The answer is yes, ARM does allow unaligned memory accesses, but with some caveats. ARM processors can perform unaligned loads and stores, but doing so comes with a performance penalty compared to aligned accesses. Additionally, some ARM instruction sets like Thumb and Thumb-2 have greater restrictions on unaligned accesses than the 32-bit ARM instruction set.
What is aligned vs unaligned memory access?
In computing, aligned memory access refers to reading from or writing to memory addresses that are multiples of the data size. For example, accessing a 4-byte integer at an address that is a multiple of 4 would be aligned. Accessing that same 4-byte integer at an address offset by 1, 2, or 3 bytes would be unaligned.
Processor architectures like x86 generally allow unaligned access without penalty, but RISC architectures like ARM prefer aligned access for performance reasons. Reading a value spanning two aligned addresses requires two separate memory accesses instead of one, impacting efficiency.
Unaligned access on ARM 32-bit architecture
The 32-bit ARM architecture and instruction set allow unaligned loads and stores for most data types. However, unaligned accesses have a performance cost compared to aligned accesses. On Cortex-A series processors, unaligned accesses take about twice as long as aligned accesses because two separate 32-bit transfers are required.
The ARM Architecture Reference Manual notes that unaligned accesses should be avoided for performance reasons. But ARM does provide mechanisms to accomplish unaligned loads and stores when required. There are some restrictions though – ARMv4 and earlier do not support unaligned word or halfword access.
Unaligned loads
To perform unaligned loads in the ARM 32-bit instruction set, the LDR instruction options can be used:
- LDR – supports unaligned byte loads
- LDRB – supports unaligned byte loads
- LDRH – supports unaligned halfword loads
- LDRSH – supports unaligned signed halfword loads
- LDRSB – supports unaligned signed byte loads
Unaligned stores
To perform unaligned stores, the STR instruction options can be used:
- STR – supports unaligned byte stores
- STRB – supports unaligned byte stores
- STRH – supports unaligned halfword stores
Unaligned access on Thumb and Thumb-2
Thumb is a 16-bit compressed subset of the ARM instruction set that improves code density. Thumb-2 extends Thumb with some 32-bit instructions. In Thumb and Thumb-2, unaligned load and store support is more limited than the 32-bit ARM instruction set:
- Only single byte loads/stores are allowed
- No support for halfword or word unaligned accesses
This means that while the ARM 32-bit ISA supports unaligned access to bytes, halfwords, and words, Thumb and Thumb-2 only handle byte unaligned accesses without faults. Halfword and word unaligned accesses will generate alignment faults.

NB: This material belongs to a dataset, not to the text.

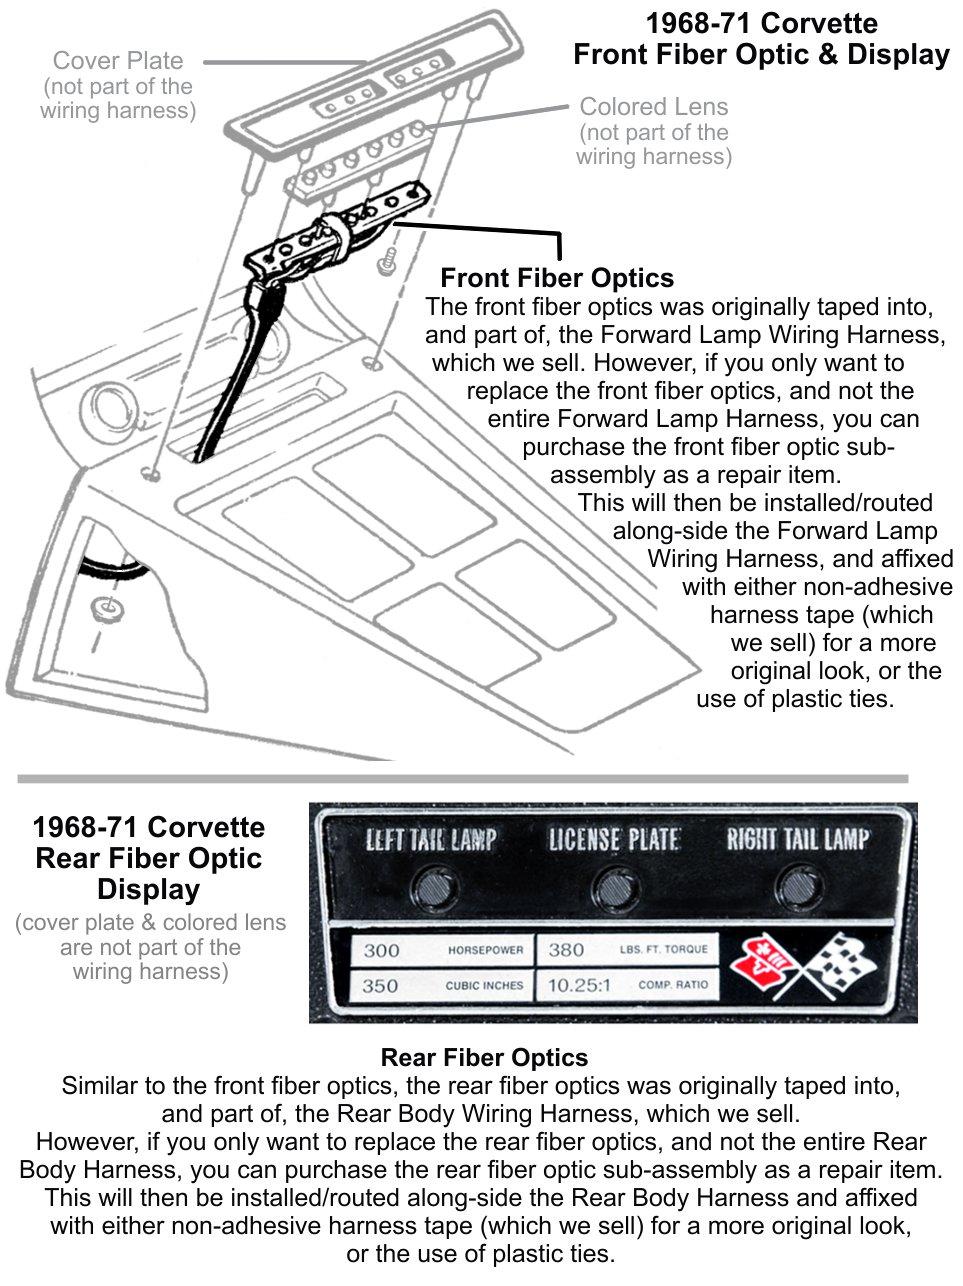 medium resolution of fiber optic repair components 1968 71 corvette

ARMv8 and unaligned accesses
The newer 64-bit ARMv8 architecture maintains support for unaligned accesses but Alignments faults may still occur in some situations, like Speculative reads. ARM recommends avoiding unaligned accesses when possible for optimal performance.
Some key notes on unaligned accesses in ARMv8:
- All unaligned accesses have a performance penalty
- Atomic and exclusive unaligned accesses are not supported and will fault
- Some SIMD/NEON instructions don’t support unaligned
Software handling of unaligned accesses
If unaligned accesses are required, the software needs to handle them carefully. Some ways compilers and hand-written assembly can deal with unaligned accesses on ARM:
- Using the above LDR and STR instructions for explicit unaligned loads/stores
- Using intrinsics like __packed, __unaligned, __packed__ to indicate unaligned data
- Using memcpy to move unaligned data instead of direct access
- Copying data to/from an aligned buffer before accessing
- Issuing multiple aligned accesses and shifting/masking to simulate unaligned
In situations where alignment is not known at compile time, runtime checks may be needed to decide between aligned and unaligned access methods.
Performance implications
There are significant performance advantages to keeping data aligned where possible. Some benchmarks indicate unaligned 32-bit ARM accesses are 40-60% slower than aligned accesses. Thumb/Thumb-2 have the additional impact of alignment faults to handle.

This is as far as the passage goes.